Le règlement n° 44/2001 du 22 décembre 2000 qui énonce les règles pour déterminer le tribunal compétent dans des litiges civils et commerciaux transfrontaliers, permet à un consommateur d’assigner son vendeur ou son prestataire de services dans l’Etat de son domicile dès lors que ce vendeur ou ce prestataire de services exerce ses activités dans l’Etat du domicile du consommateur ou « par tout moyen, dirige ses activités vers cet État. »
Dès lors qu’un vendeur ou un prestataire de services offre ses produits ou ses services par internet, se pose la question si un consommateur peut se prévaloir de ce privilège de compétence et donc en cas de difficultés assigner son vendeur ou prestataire de services dans son pays quel que soit le pays où réside ce vendeur ou prestataire de services dans l’Union Européenne.
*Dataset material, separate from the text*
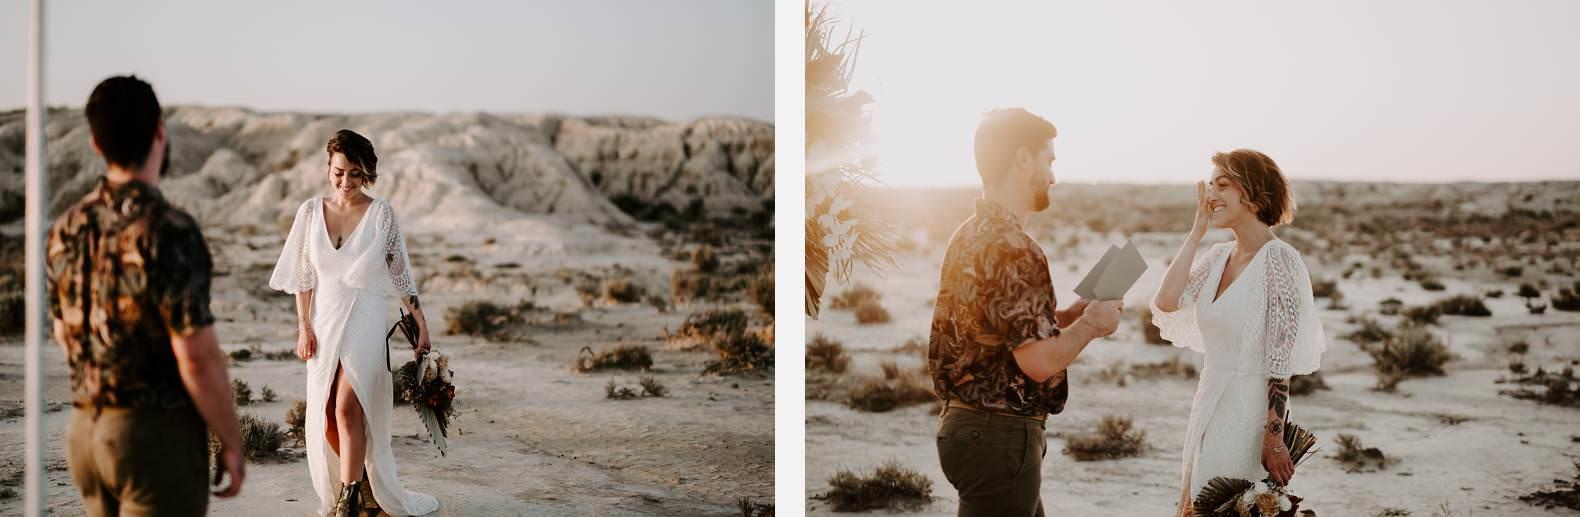 mariage espagne bardenas festival you and me elopement photographe bel esprit desert 0043

Peut-on en effet considérer que le simple fait d’offrir des produits ou services par internet suffit à justifier que le vendeur ou le prestataire de services dirige ces activités de fait dans tous les pays où des consommateurs peut commander des produits ou des services ?
Non, vient de répondre la Cour de Justice de l’Union Europénne (CJUE, 07/12/2010, affaires jointes C-585/08 et C-144/09, Peter Pammer / Reederei Karl Schlüter GmbH & Co. KG et Hotel Alpenhof GesmbH / Oliver Heller).
Pour considérer qu’un vendeur ou prestataire de services offrant ses produits ou services internet, dirige ses activités vers le pays du consommateur avec lequel il contracte, il faut que ce vendeur ou prestataire de sevices ait manifesté sa volonté d’établir des relations commerciales avec des consommateurs d’autres états membres. Cette volonté peut être déduite de différents indices, évidents comme le fait d’offrir services ou ses biens dans plusieurs États membres nommément désignés, ou d’un faisceau d’indices qui unitairement seraient moins patents mais qui ensemble révèlent cette volonté (nature internationale de l’activité en cause, telle que certaines activités touristiques, mention de coordonnées téléphoniques avec l’indication du préfixe international, utilisation d’un nom de domaine de premier niveau autre que celui de l’État membre où le commerçant est établi).
Cette jurisprudence est importante car elle protège les vendeurs et les prestataires de services locaux qui offrent leurs produits par internet et peuvent toucher des clients en dehors de leurs frontières, qui du fait de la maîtrise de la langue de leurs vendeurs ou prestataires de services, sont en mesure de commander des produits à ces vendeurs ou prestataires de services par internet. Tel est le cas par exemple d’un skieur allemand qui commande un séjour sur le site internet d’un hôtelier autrichien. Pourquoi en effet vouloir protéger dans ce cas le consommateur alors que le vendeur ou le prestataire de services n’entendait pas forcément attirer une clientèle étrangère ou du moins s’est clairement positionné comme un acteur du marché local ?
Cette jurisprudence est aussi importante car elle protège aussi ce que l’on appelle les global players et qui font en sorte de créer des sites dédiés à telle ou telle clientèle géographique comme par exemple ltur.fr dédié à la clientèle française. Elle évite par exemple qu’un client français qui parle allemand et qui souhaite bénéficier d’une offre a priori meilleur marché sur le site allemand puisse revendiquer un quelconque privilège de compétence s’il n’est pas satisfait des prestations. Il aura pris dans ce cas un risque en commandant sur le site allemand et devra assumer ce risque.
Enfin, et c’est peut-être l’effet le plus important de cette jurisprudence, elle vaudra aussi pour le droit applicable car le règlement européen n° 593/2008 du 17 juin 2008 sur la loi applicable aux obligations contractuelles prévoit les mêmes dispositions que le règlement n° 44/2001 (Art. 6).
Notre skieur allemand qui aura commandé son séjour sur le site autrichien d’un hôtelier devra assigner celui-ci en Autriche et se soumettre au droit autrichien.